Even when workers are off duty, they are often required to attend to calls, texts, or emails from their boss. However, Australia has now granted millions of workers the legal right to "disconnect," allowing them to ignore unreasonable out-of-hours communications from their employers.
According to new legislation passed by the Australian government, people can now refuse to monitor, read, or respond to their employers' attempts to contact them outside of work hours—unless that refusal is deemed "unreasonable."
This initiative aims to safeguard personal time and promote a more balanced work-life harmony and will come into effect starting Monday.
Hailing the reform, Australian Prime Minister Anthony Albanese, while speaking to the national broadcaster ABC, said, "We want to make sure that just as people don't get paid 24 hours a day, they don't have to work for 24 hours a day." He further added, "It's a mental health issue, frankly, as well, for people to be able to disconnect from their work and connect with their family and their life."

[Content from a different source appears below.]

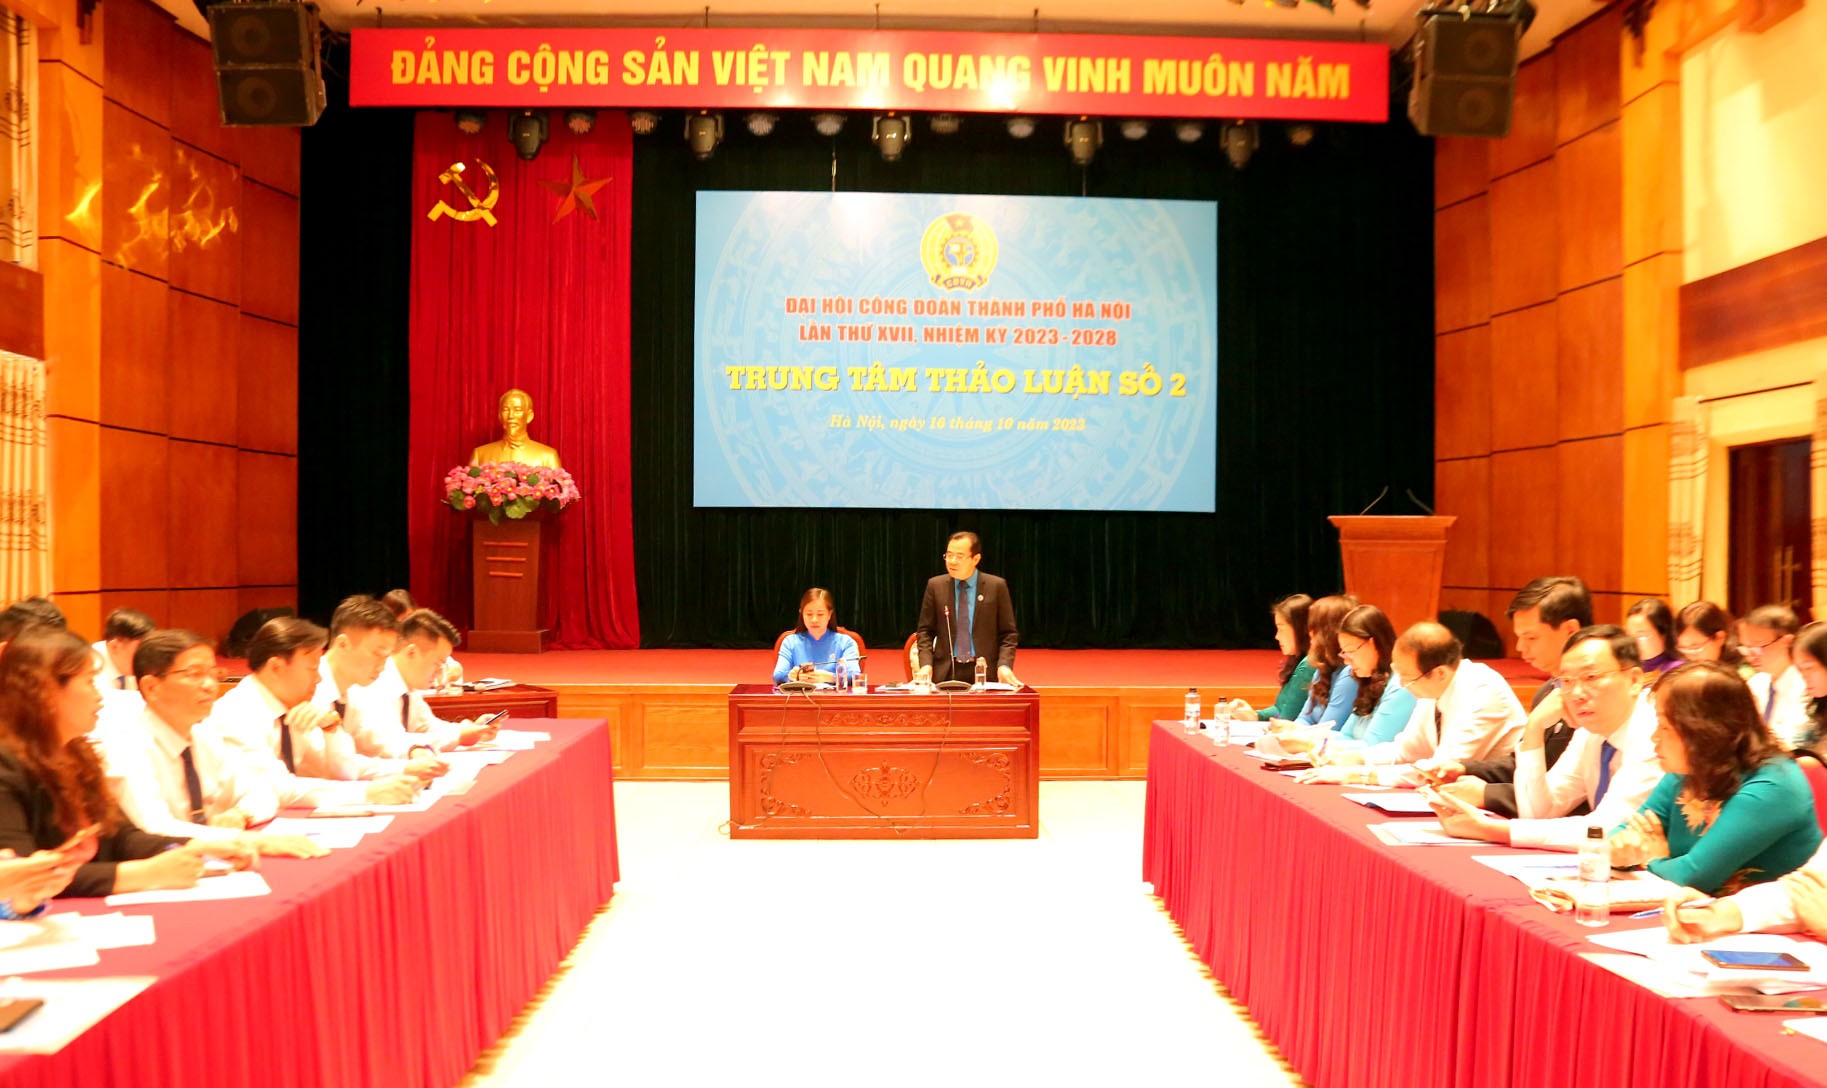 TRỰC TUYẾN: Ngày làm việc thứ nhất Đại hội Công đoàn thành phố Hà Nội lần thứ XVII

While trade unions have welcomed the new regulation, it has received a lukewarm reception from Australia's top industry body.
"The 'right to disconnect' laws are rushed, poorly thought out, and deeply confusing," the Australian Industry Group said in a statement.
"At the very least, employers and employees will now be uncertain about whether they can take or make a call out of hours to offer an extra shift," it said.
The law is similar to those in some European and Latin American countries.
Research indicates that the right to disconnect benefits employees, said University of Sydney Associate Professor Chris Wright.
More than 70 percent of workers in European Union companies with a right to disconnect policy considered its impact to be positive, according to a November 2023 study by the EU work-related agency Eurofound.
Employees are experiencing "availability creep" as smartphones and other digital devices put them in reach of their employers, Wright told AFP.
"Having a measure that restores to some extent the boundary between people's work and non-work lives is a positive thing, certainly for employees but also for employers," he said, particularly in industries trying to lure new workers.
The Australian law, enacted in February, came into force for medium-sized and large companies as of Monday. Smaller firms with fewer than 15 employees will be covered from August 26, 2025.